Dahn M S, Ballerstadt R, Lange M P, Schultz J
Department of Surgery, Department of Veterans Affairs Medical Center, Detroit, MI, USA.
Crit Care Med. 1999 Aug;27(8):1598-602. doi: 10.1097/00003246-199908000-00036.
To develop a liver-specific biosensor system/catheter assembly that can be used to localize and cannulate the hepatic venous system without the need for fluoroscopic imaging. This would permit the bedside placement of a hepatic venous catheter for monitoring purposes without radiographic guidance.
Experimental, in vitro.
Experimental laboratory at a university center.
This was a simulation study to evaluate the ability of a cardiovascular monitoring catheter mounted with a liver-specific biosensor to anatomically identify a side arm tributary. The experimental system used for this study mimics the hepatic vein draining into the inferior vena cava and allows its localization without the need for assisted imaging. The biosensor design and catheter/sensor assembly function were studied in this in vitro model.
A liver-specific biosensor was developed by housing a homogeneous affinity fluorescence assay system sensitive to galactose in a microdialysis hollow fiber receptacle. A polyvinyl chloride tube containing a side arm was constructed to mimic the confluence of a venous tributary (i.e., the hepatic vein) with a major vascular channel (i.e., the vena cava). In this simulation, the side arm was continuously perfused with a liver-sensitive analyte (galactose) and the main channel was perfused with galactose-free buffer. A cardiovascular catheter containing a fiberoptic waveguide mounted with a galactose-sensitive fluorescent probe was advanced along the main conduit to assess its ability to identify the location of the galactose side arm infusion site.
The response of the fiberoptic sensor to different galactose concentrations was assessed and found to be almost linear over the concentration range of 0 to 2 mM, which encompasses the expected utilization range of this system.

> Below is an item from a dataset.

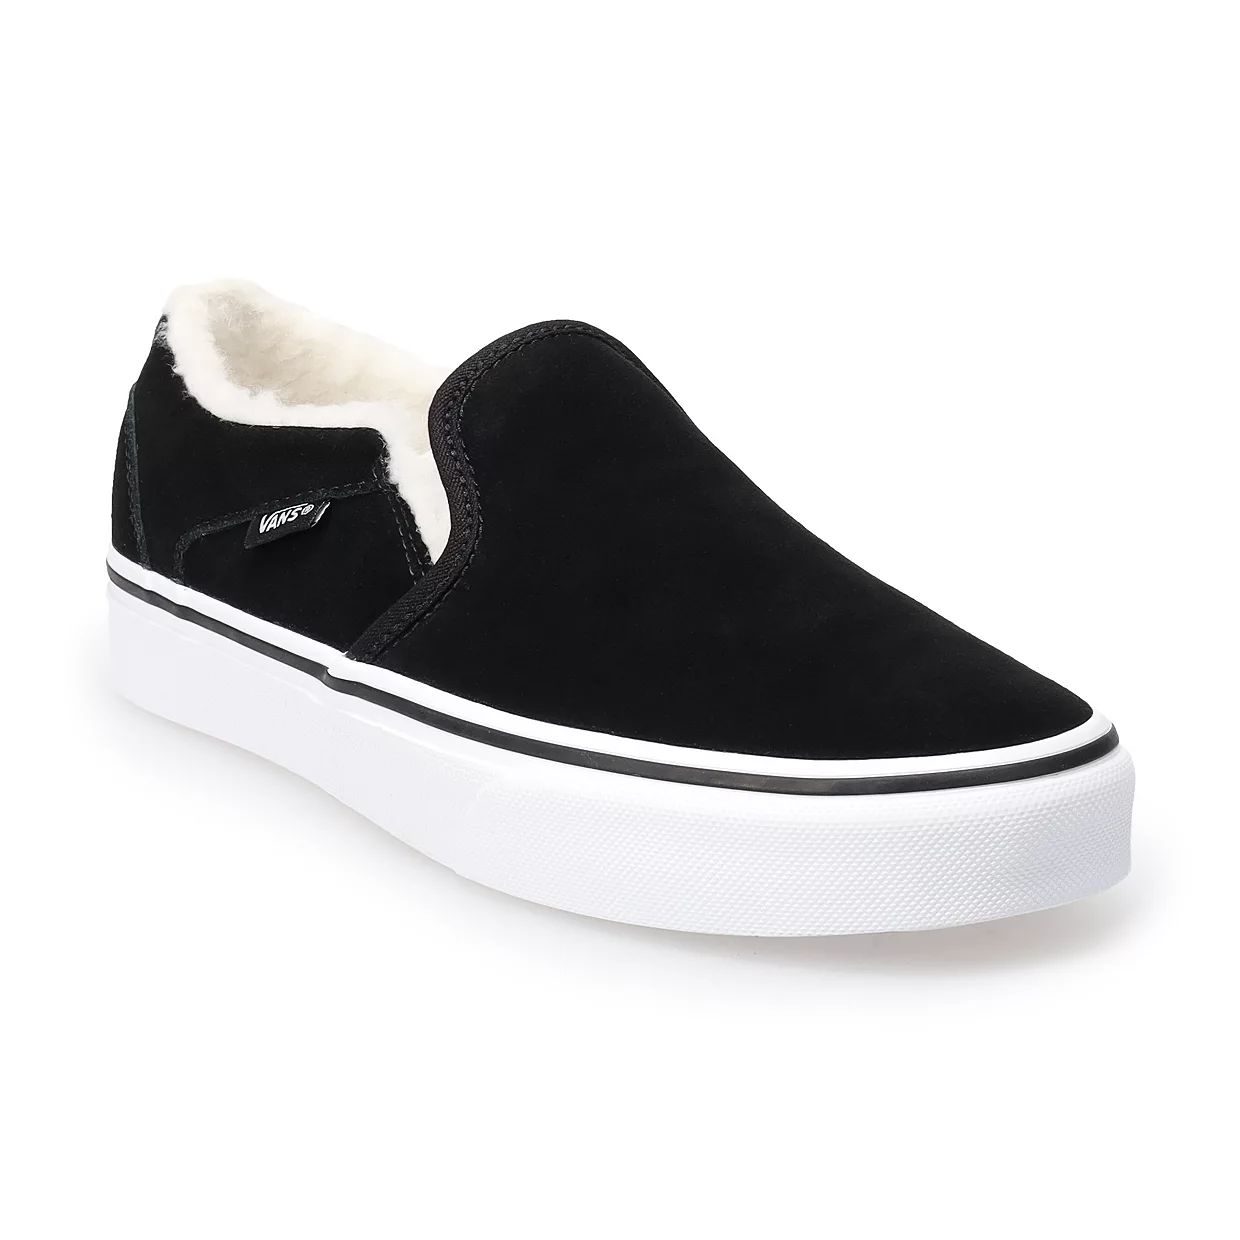 Vans® Asher Women's Suede Slip-On Shoes | Kohl's

The variability in identifying the galactose infusion point (simulated hepatic vein) in a 15-cm conduit was 1.7 to 2.8 mm, or 1.1% to 1.9%.
The construction of a catheter/sensor system with the ability to provide accurate spatial/anatomical localization data for the hepatic venous system is feasible. This assembly will eliminate the need for ancillary imaging systems for catheter/sensor delivery to an individual organ system and potentially can be positioned at the bedside in a fashion similar to the pulmonary artery flotation catheter.

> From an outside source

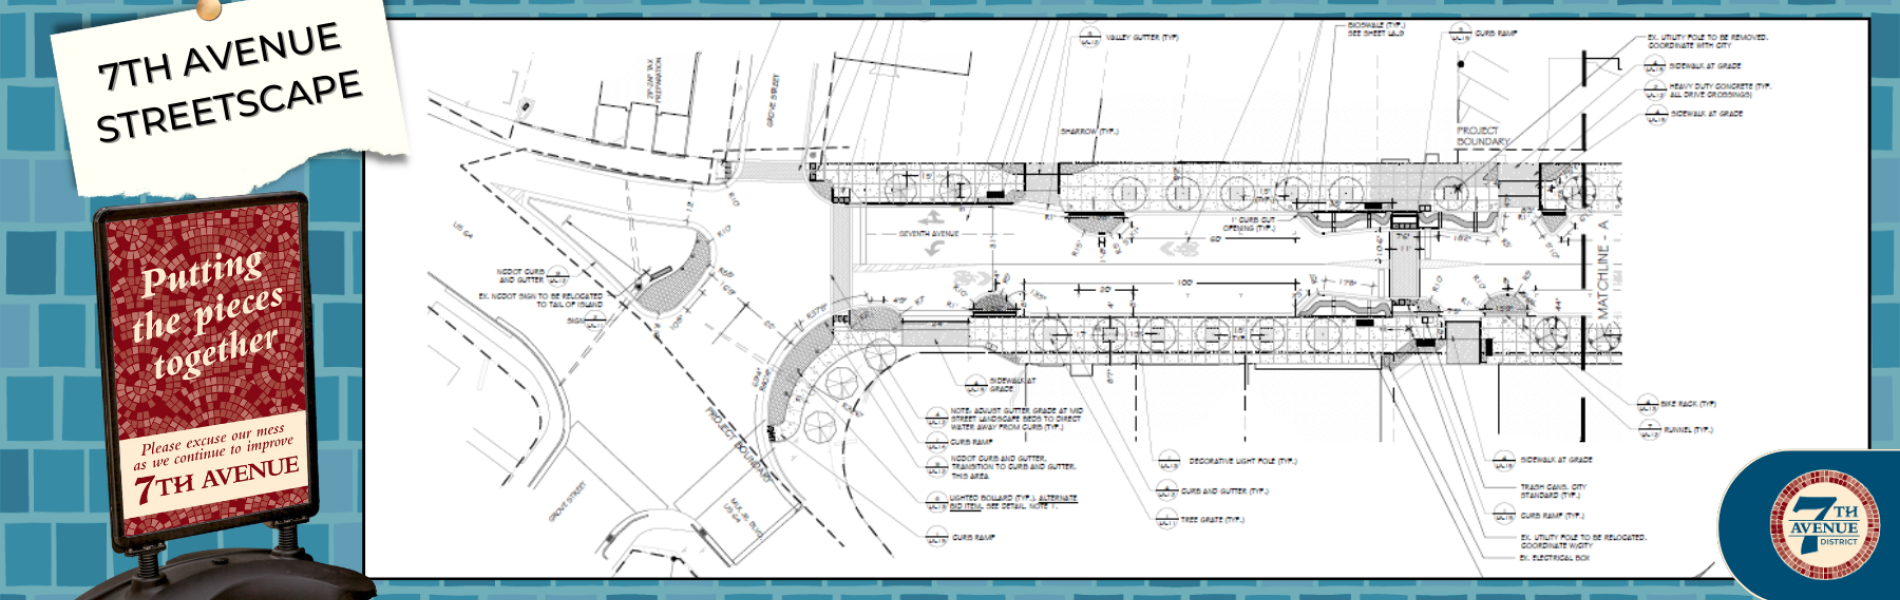 image of the 7th avenue streetscape site plan

开发一种肝脏特异性生物传感器系统/导管组件,可用于在无需荧光透视成像的情况下定位和插入肝静脉系统。这将允许在无放射学引导的情况下在床边放置肝静脉导管以进行监测。
体外实验。
大学中心的实验实验室。
这是一项模拟研究,旨在评估安装有肝脏特异性生物传感器的心血管监测导管在解剖学上识别侧支支流的能力。本研究使用的实验系统模拟了流入下腔静脉的肝静脉,并允许在无需辅助成像的情况下对其进行定位。在这个体外模型中研究了生物传感器的设计和导管/传感器组件的功能。
通过将对半乳糖敏感的均相亲和荧光测定系统置于微透析中空纤维容器中,开发了一种肝脏特异性生物传感器。构建了一个带有侧臂的聚氯乙烯管,以模拟静脉支流(即肝静脉)与主要血管通道(即腔静脉)的汇合处。在这个模拟中,侧臂持续灌注对肝脏敏感的分析物(半乳糖),主通道灌注无半乳糖的缓冲液。将一根装有对半乳糖敏感的荧光探针的光纤波导的心血管导管沿着主管道推进,以评估其识别半乳糖侧臂注入部位位置的能力。
评估了光纤传感器对不同半乳糖浓度的响应,发现在0至2 mM的浓度范围内几乎呈线性,该浓度范围涵盖了该系统的预期使用范围。在15厘米长的管道中识别半乳糖注入点(模拟肝静脉)的变异性为1.7至2.8毫米,即1.1%至1.9%。
构建一种能够为肝静脉系统提供准确空间/解剖定位数据的导管/传感器系统是可行的。这种组件将消除将导管/传感器输送到单个器官系统时对辅助成像系统的需求,并且有可能以类似于肺动脉漂浮导管的方式放置在床边。